## What is required
Transcribe the entries exactly as they stand below, passing over any picture.

Saved entries
______________________________
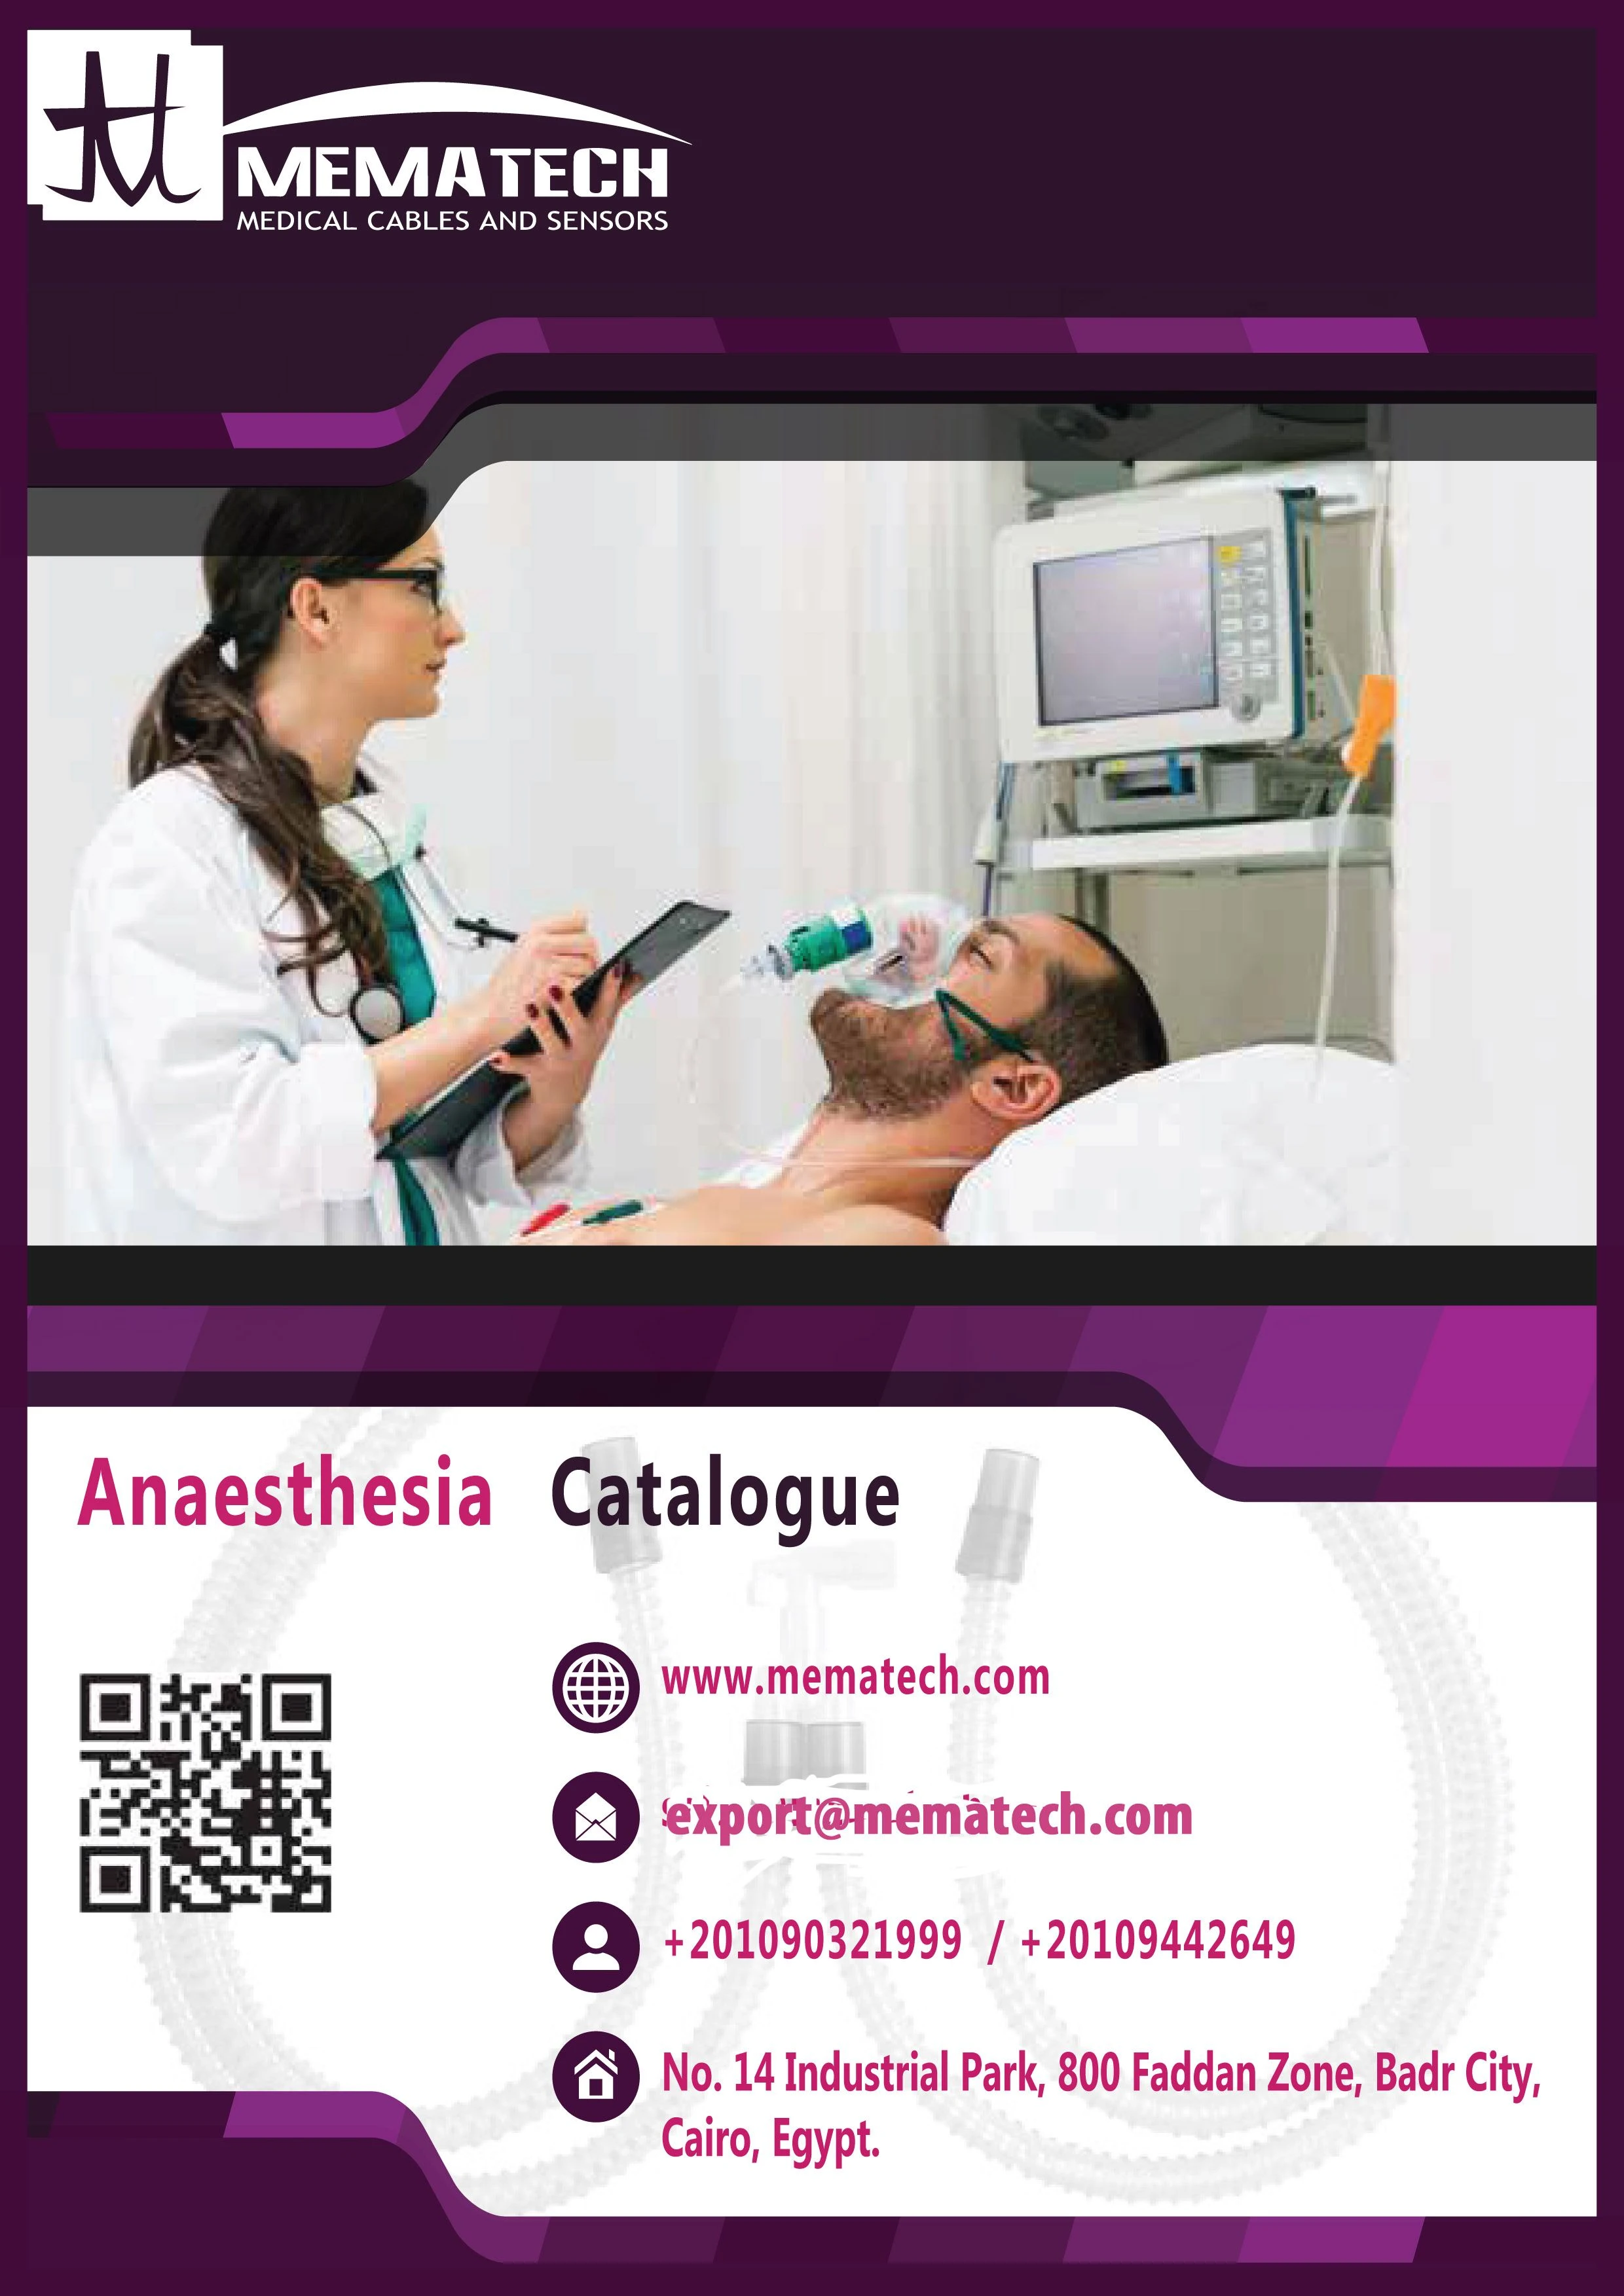 Mematech for Medical Industries
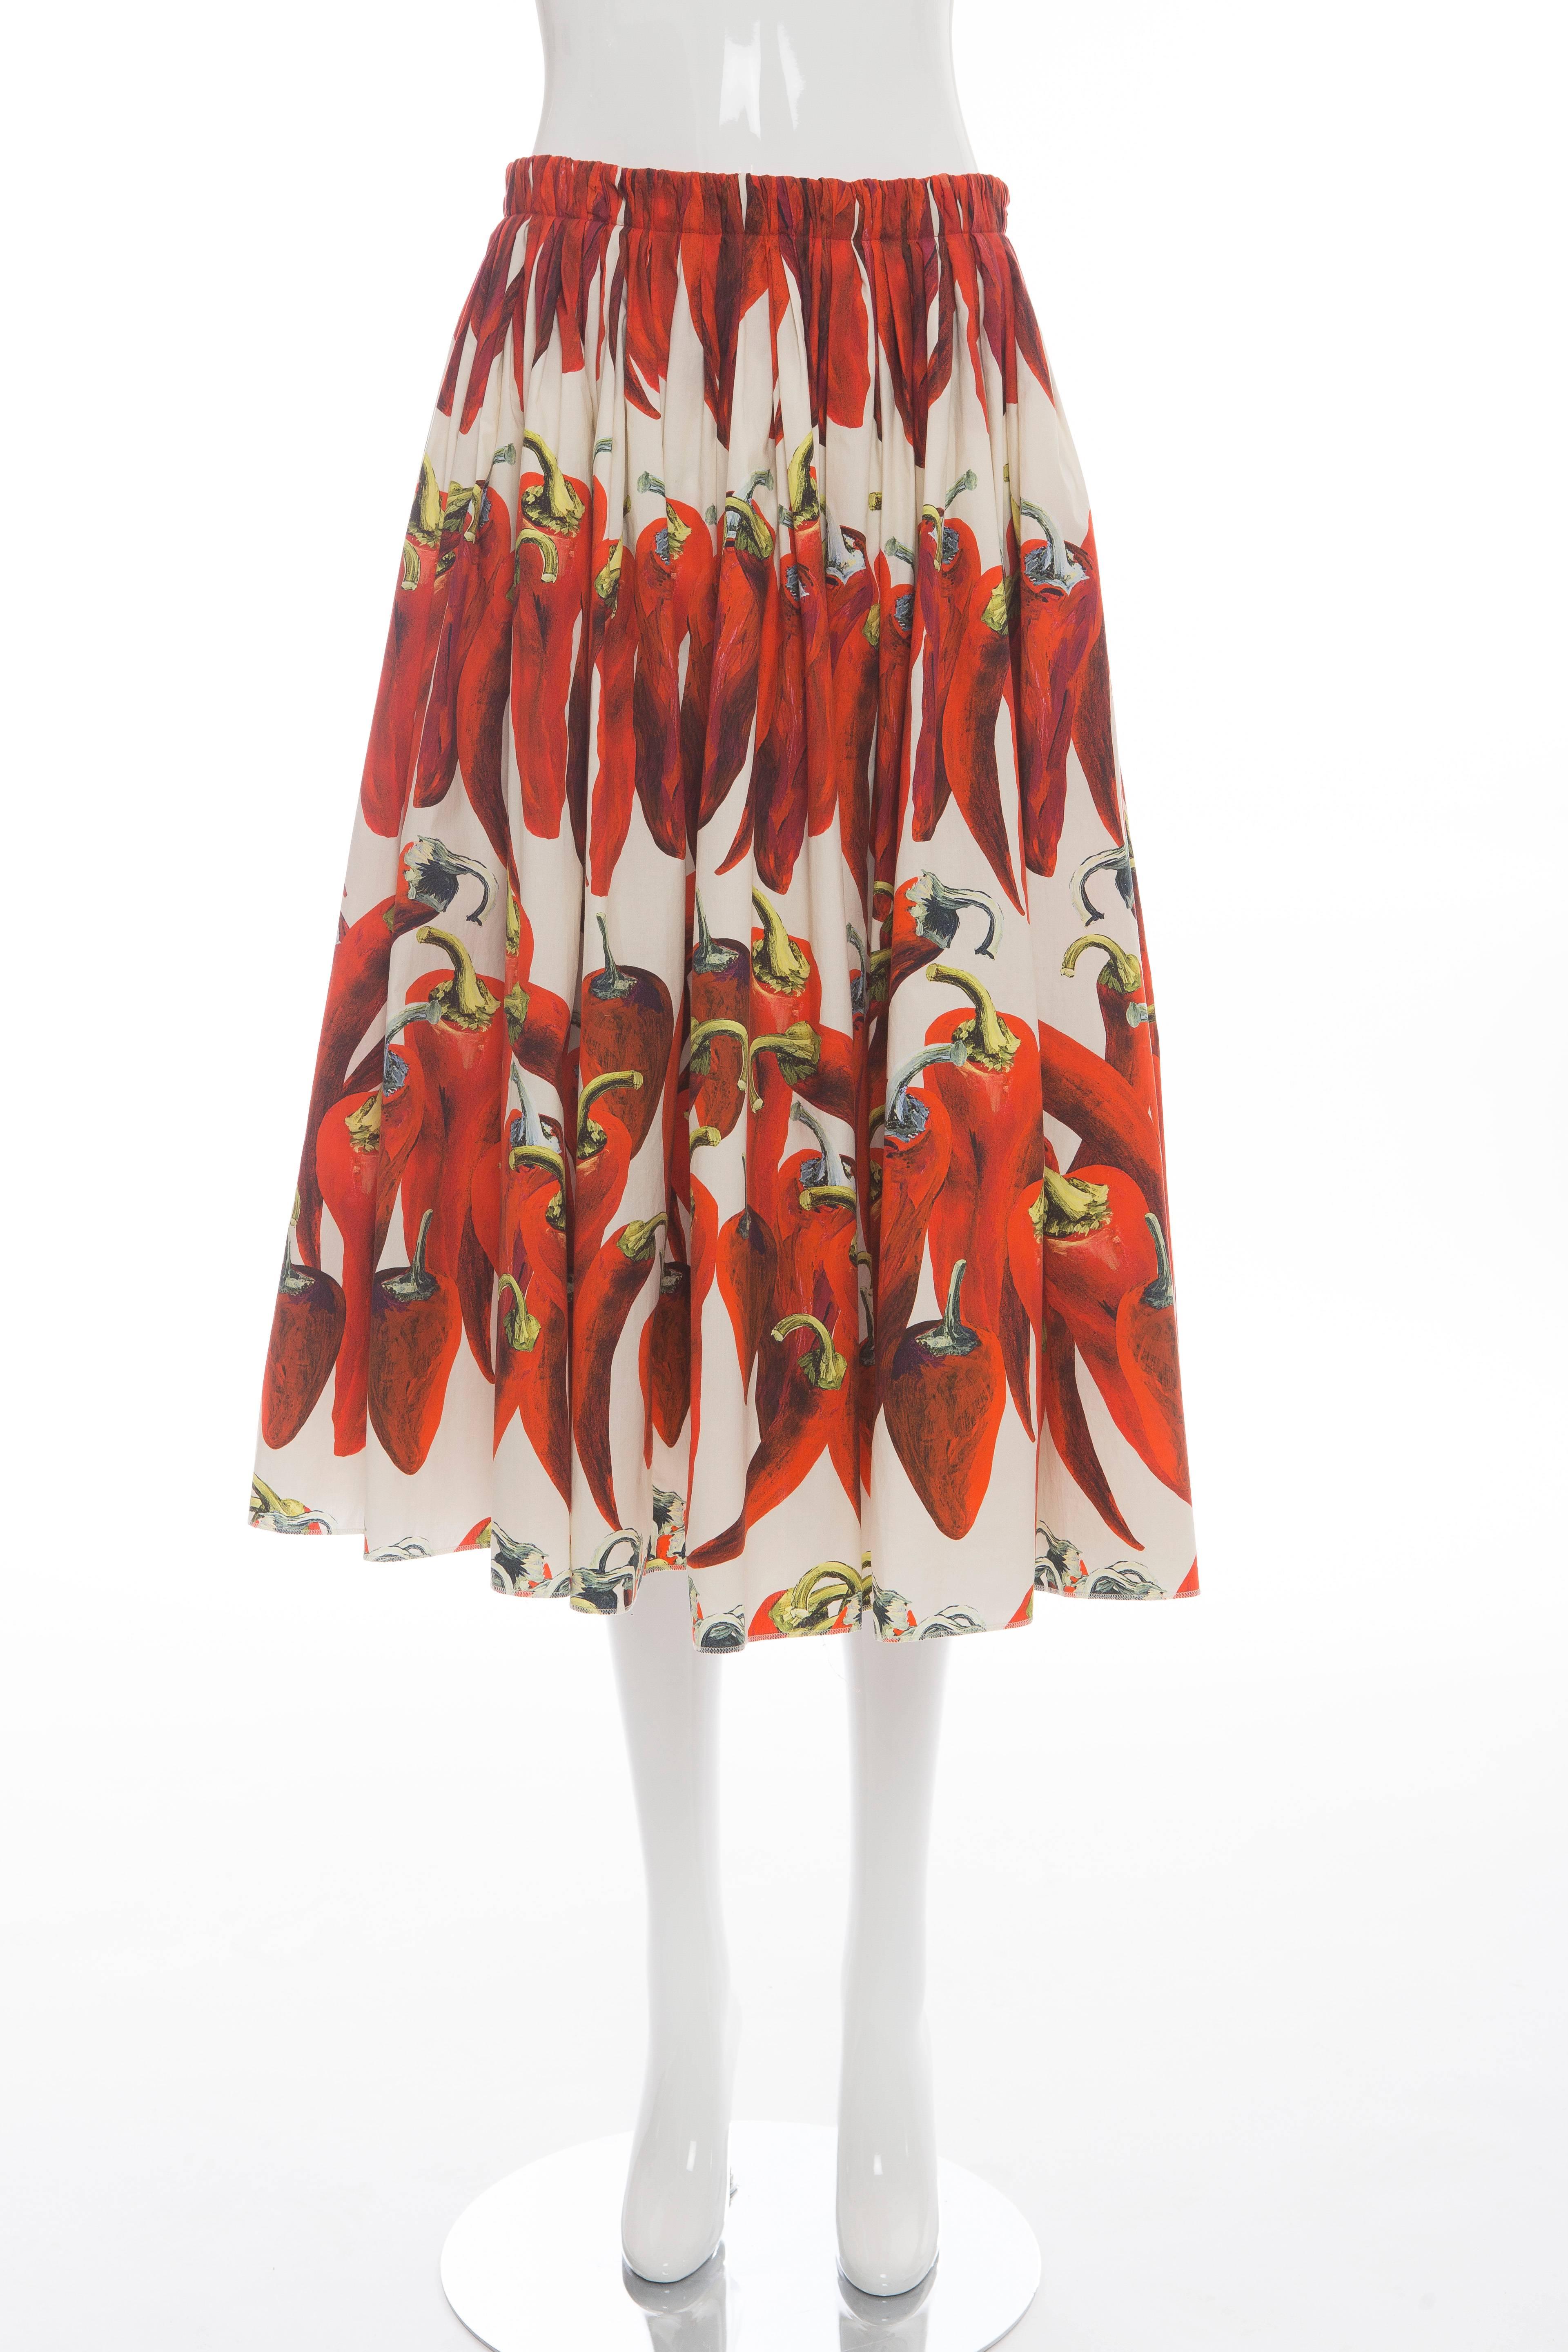 Dolce & Gabbana, Spring 2012 cotton pleated chili pepers skirt with back zip and hook closure.

IT. 40
US. 4

Waist 28
______________________________
## Your solution
 Mematech for Medical Industries
 Dolce & Gabbana, Spring 2012 cotton pleated chili pepers skirt with back zip and hook closure.

IT. 40
US. 4

Waist 28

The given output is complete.